Work item: Please restate the data below word for word, omitting all images.

Raw data:
>>

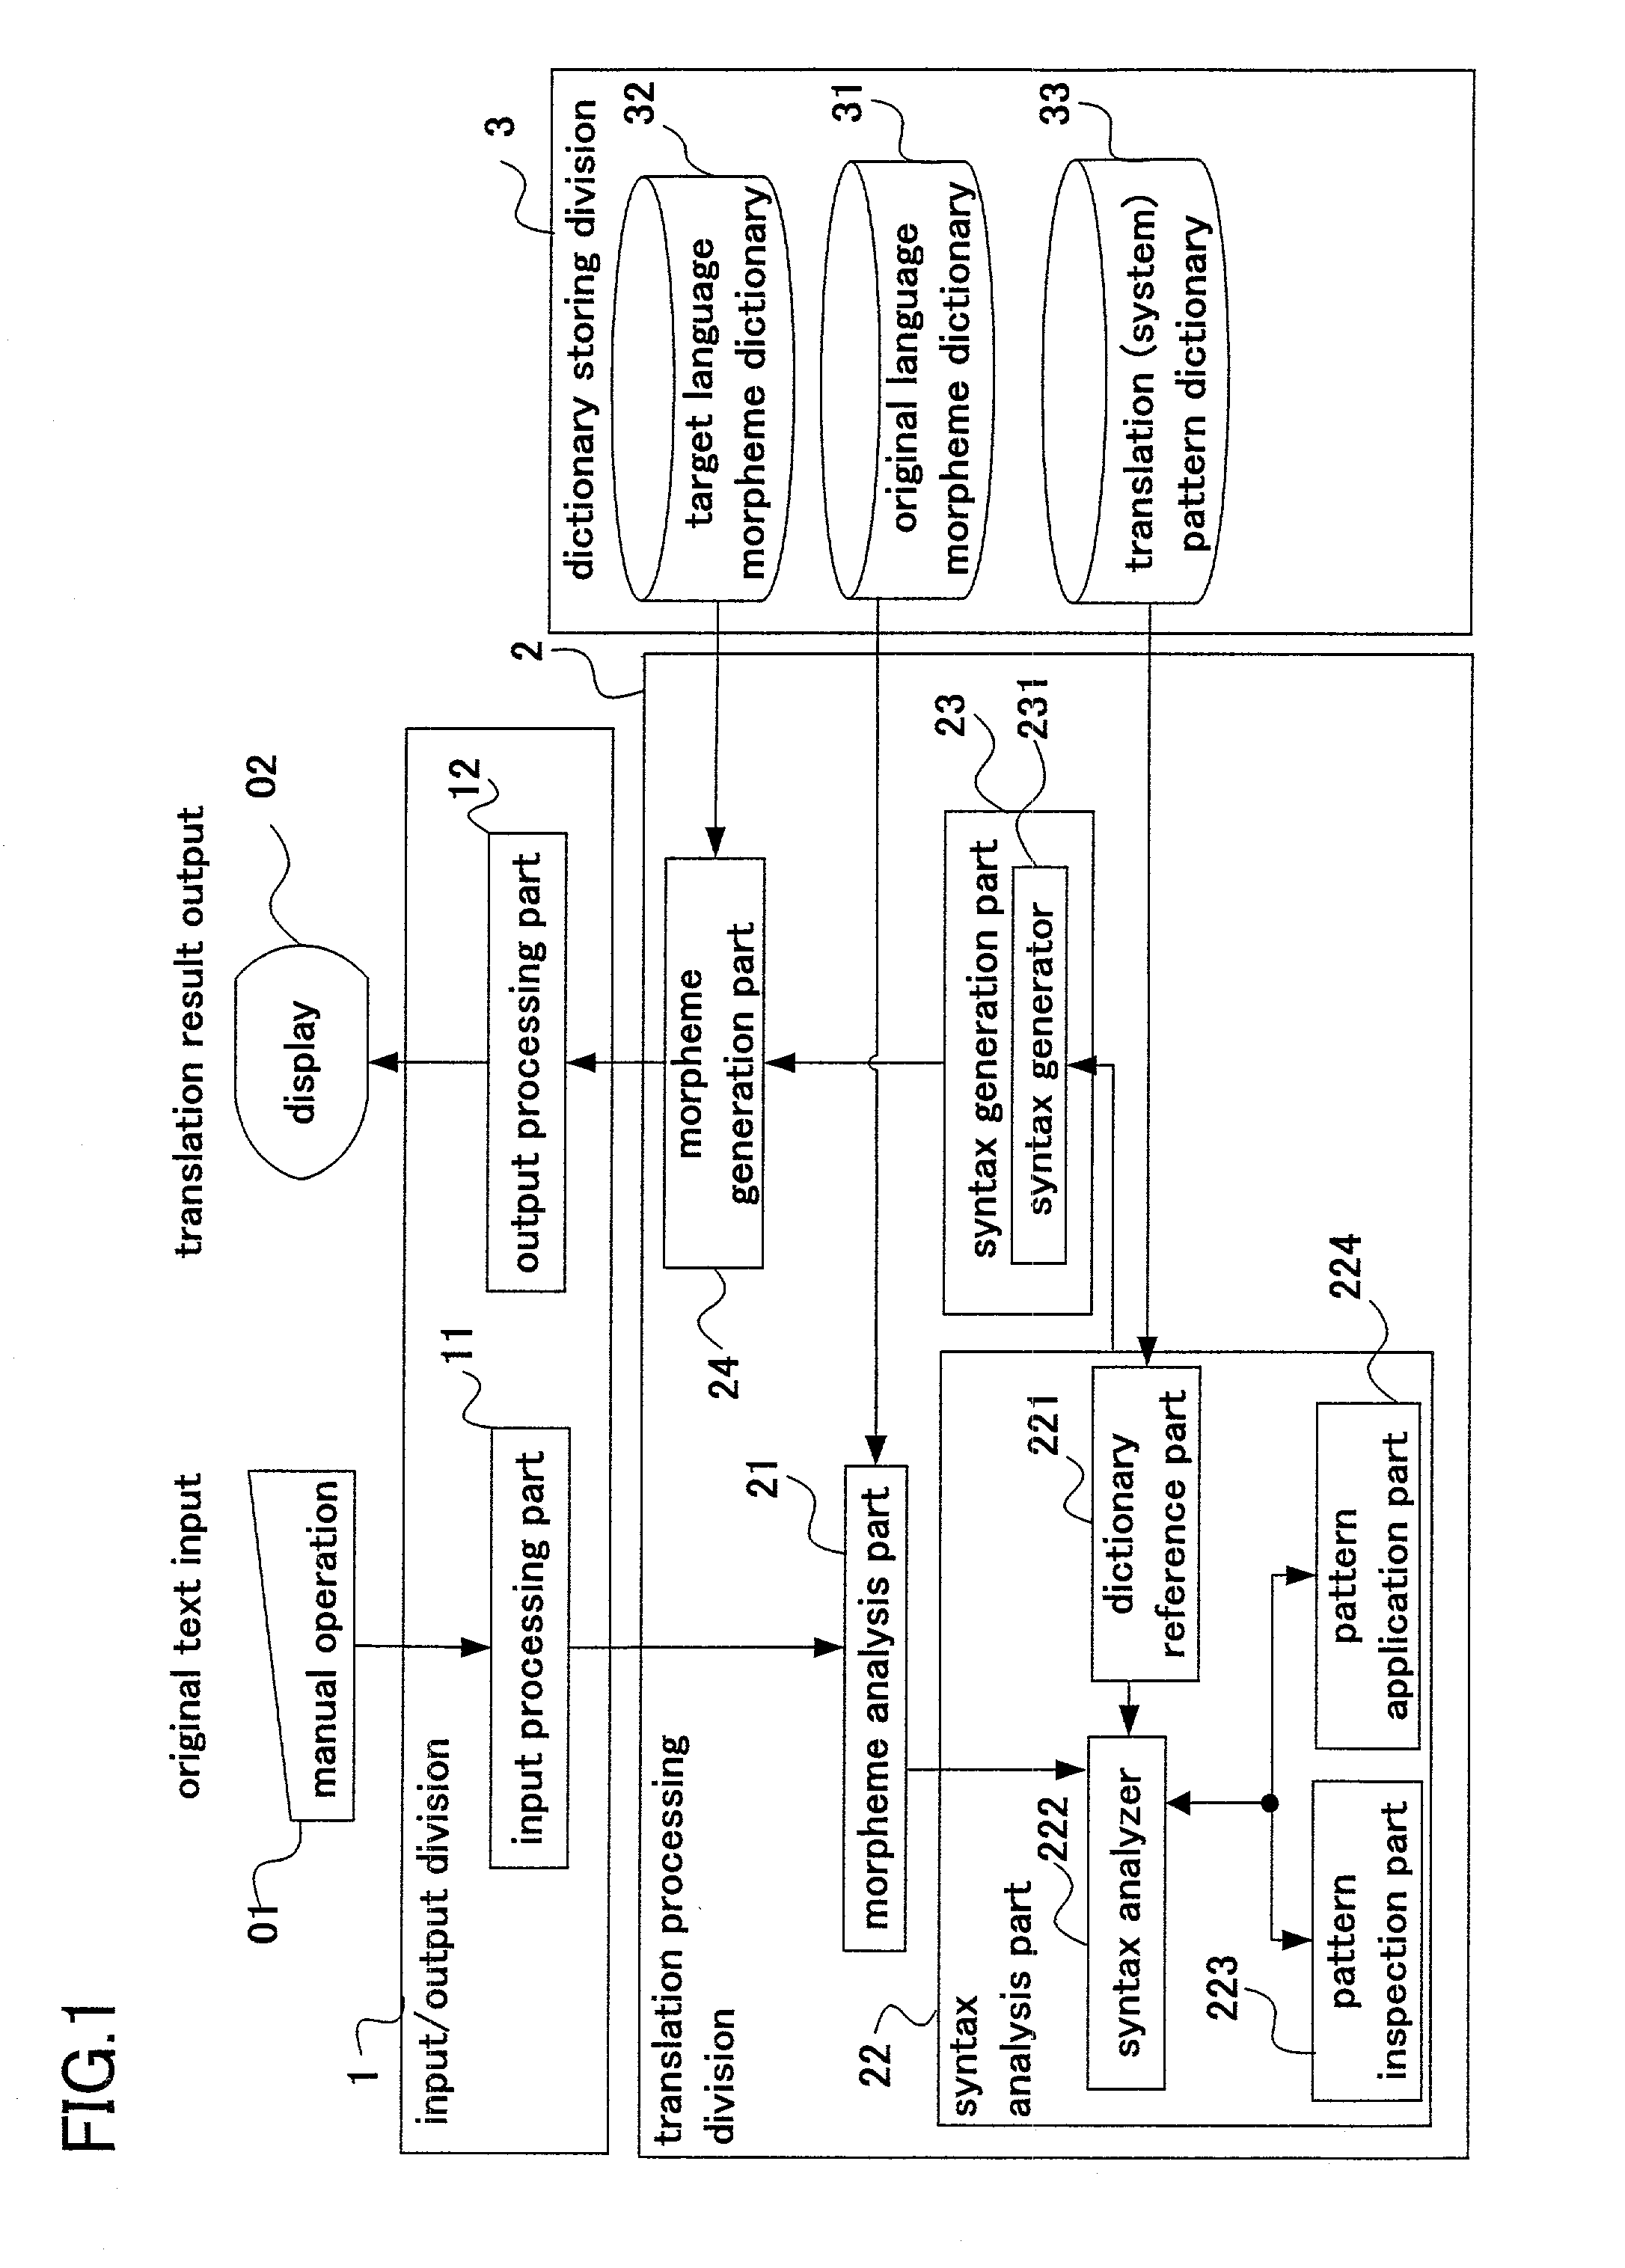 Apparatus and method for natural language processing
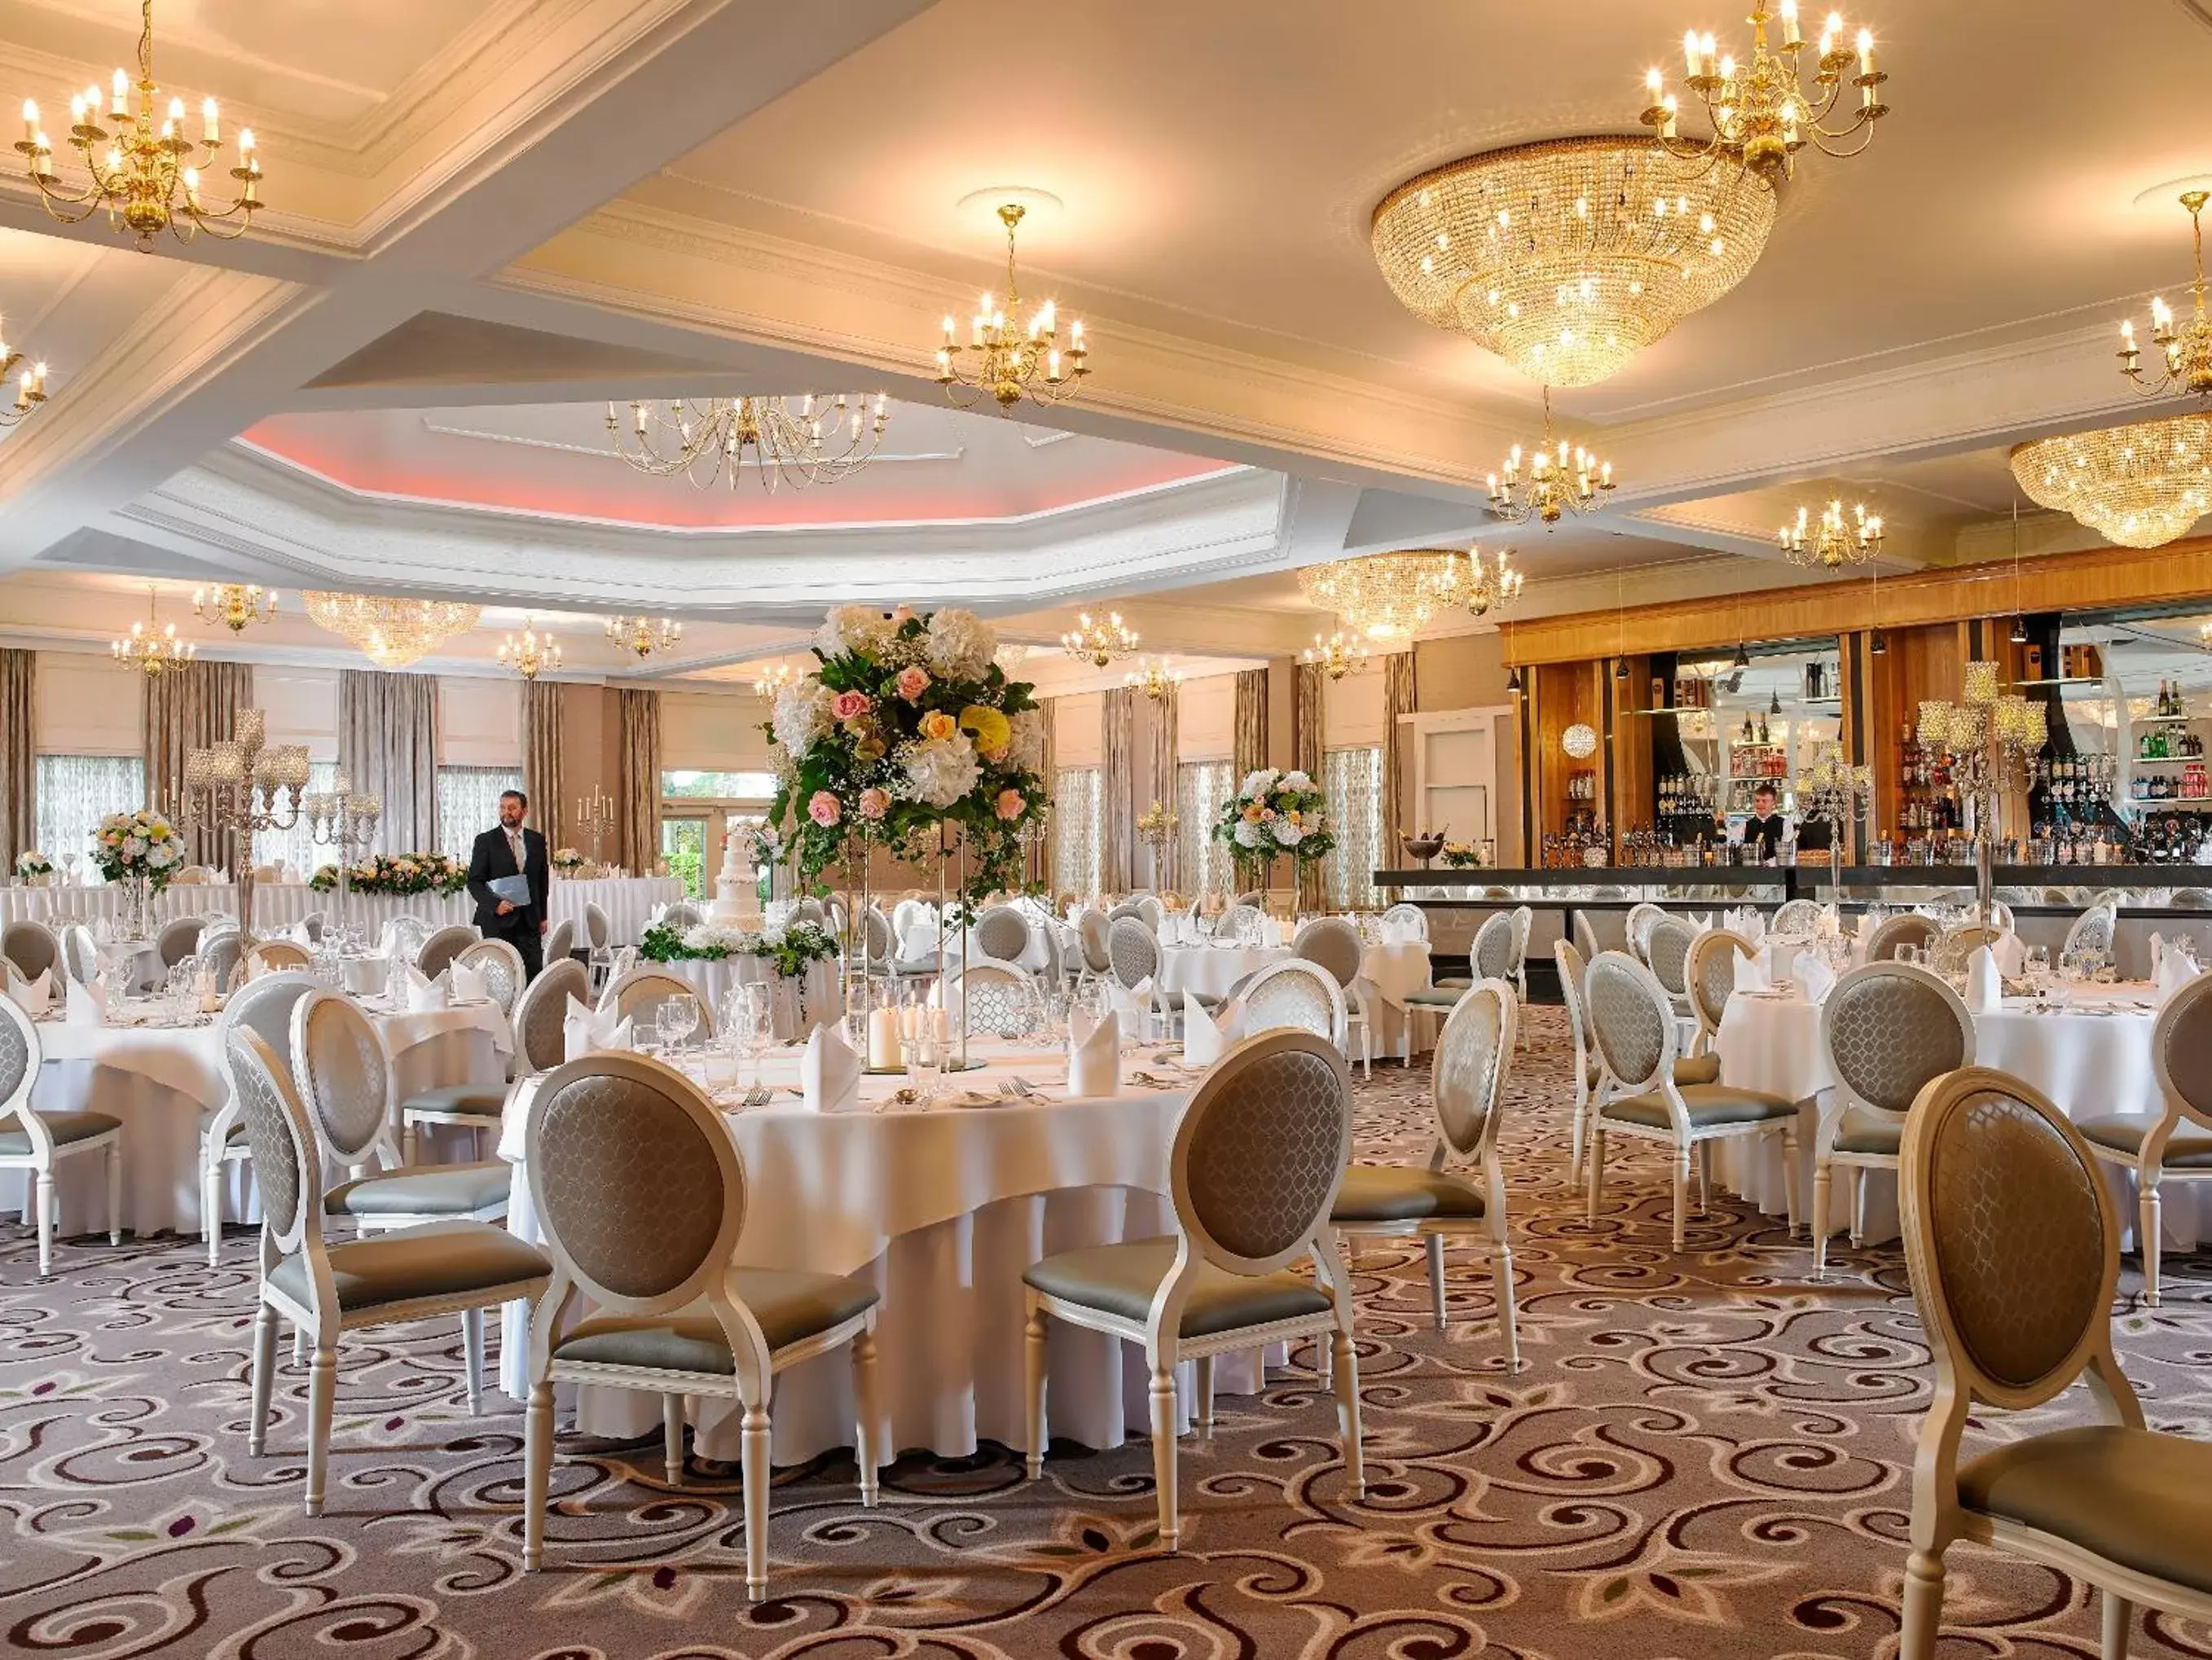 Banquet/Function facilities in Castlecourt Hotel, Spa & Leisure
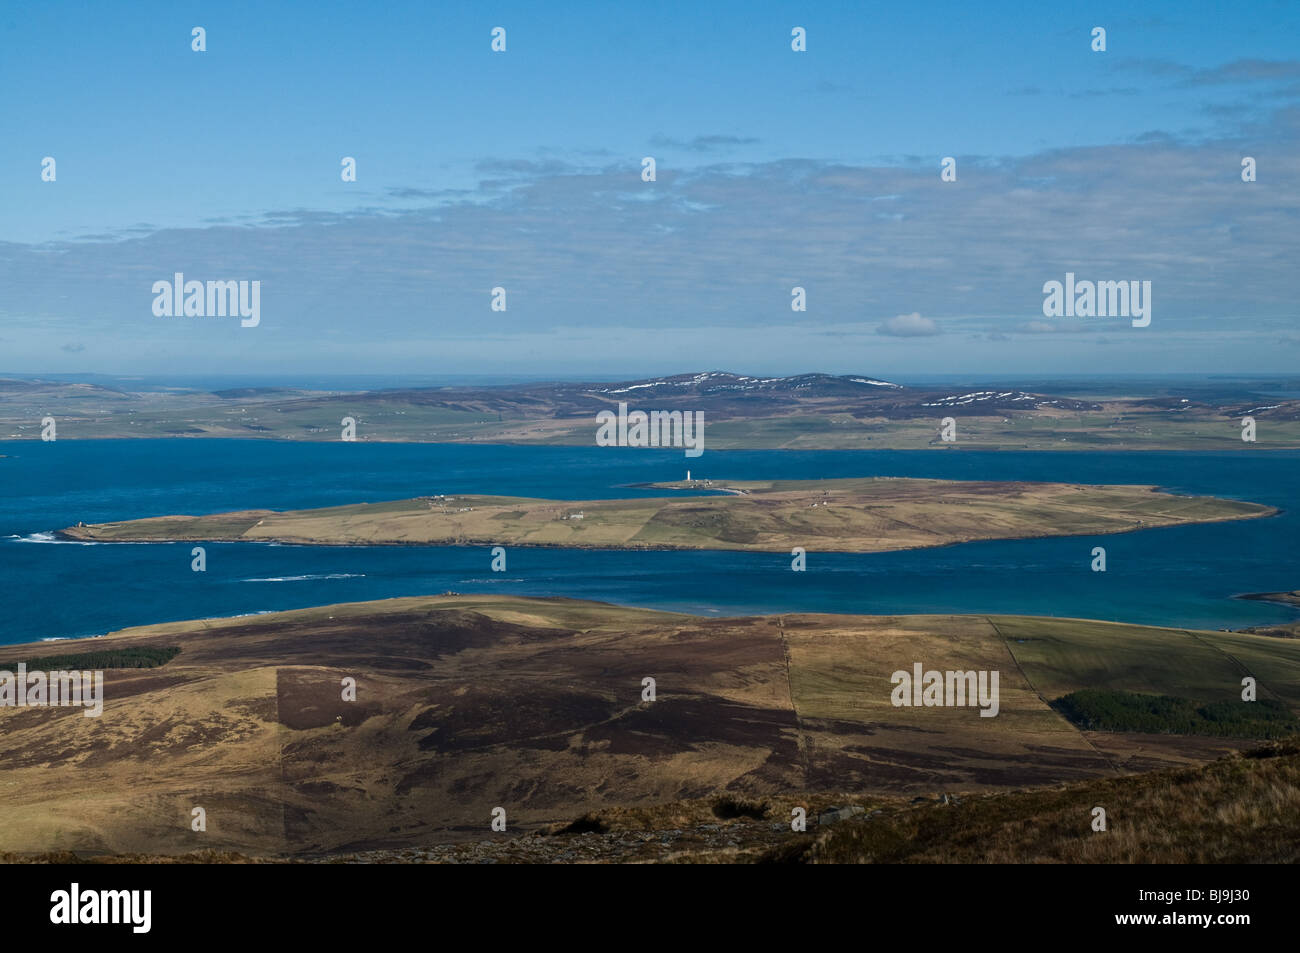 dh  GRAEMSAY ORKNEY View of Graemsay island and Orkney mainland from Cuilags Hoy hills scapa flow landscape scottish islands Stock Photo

<<

Task solution:
 Apparatus and method for natural language processing
 Banquet/Function facilities in Castlecourt Hotel, Spa & Leisure
 dh  GRAEMSAY ORKNEY View of Graemsay island and Orkney mainland from Cuilags Hoy hills scapa flow landscape scottish islands Stock Photo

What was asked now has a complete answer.